Sprachen: Deutsch und Französisch (mit Simultanübersetzung in beide Sprachen), in Ausnahmefällen ist Kommunikation auf Englisch möglich.
Format: 20-25-minütige Präsentationen oder Beiträge von Künstlern, gefolgt von Diskussionen. Beiträge nur in Präsenzform.
Bedingungen:
Die Reisekosten (Zugtarif zweiter Klasse oder in Ausnahmefällen Flugreisen für längere Strecken) und die Unterkunft (2 bis 3 Nächte) der Teilnehmer:innen werden übernommen. Die Tagung ist für die Öffentlichkeit zugänglich.
Wir bitten um die Zusendung von Beitragsvorschlägen auf Deutsch oder Französisch (in Ausnahmefällen auch auf Englisch, max. eine Seite) bis zum 30. Juni 2025 an Melina Burlaud unter folgender Adresse: mburlaudhotmail.com.

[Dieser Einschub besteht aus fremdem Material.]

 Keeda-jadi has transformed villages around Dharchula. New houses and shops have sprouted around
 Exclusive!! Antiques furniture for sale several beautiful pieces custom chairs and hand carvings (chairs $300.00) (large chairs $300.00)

Bitte fügen Sie einen kurzen Lebenslauf bei und geben Sie Ihre Sprachkenntnisse an. Ein wissenschaftlicher Ausschuss wird an der Auswahl der Vorschläge beteiligt sein. Die Zuteilungen werden vor dem 15. Juli 2025 zurückgeschickt.
Allgemeiner Rahmen:
Das Kolloquium findet im Rahmen des Projekts "Musicagurs" statt, das vom Programm CERV der Europäischen Kommission mitfinanziert wird. „Musicagurs“ verbindet Kunst, Geschichte und Erinnerung an die Lager auf europäischer Ebene in dreifacher Hinsicht: Durch den Austausch von Schülern aus drei Ländern (Frankreich, Deutschland, Spanien), durch die Vortragskonzerte des Ensembles "Mémoires musicales" und durch einen wissenschaftlichen Ansatz in Form dieser Tagung.
Organisatoren: IFRA-SHS Frankfurt / Deutsches Exilarchiv -Deutsche Nationalbibliothek Frankfurt/ Association " Mémoires musicales sans frontière " Pau / Laboratoire ITEM Université de Pau et des Pays de l'Adour.
Von der Europäischen Kommission im Rahmen des CERV-Programms „Holocaust Memory“ mitfinanziert.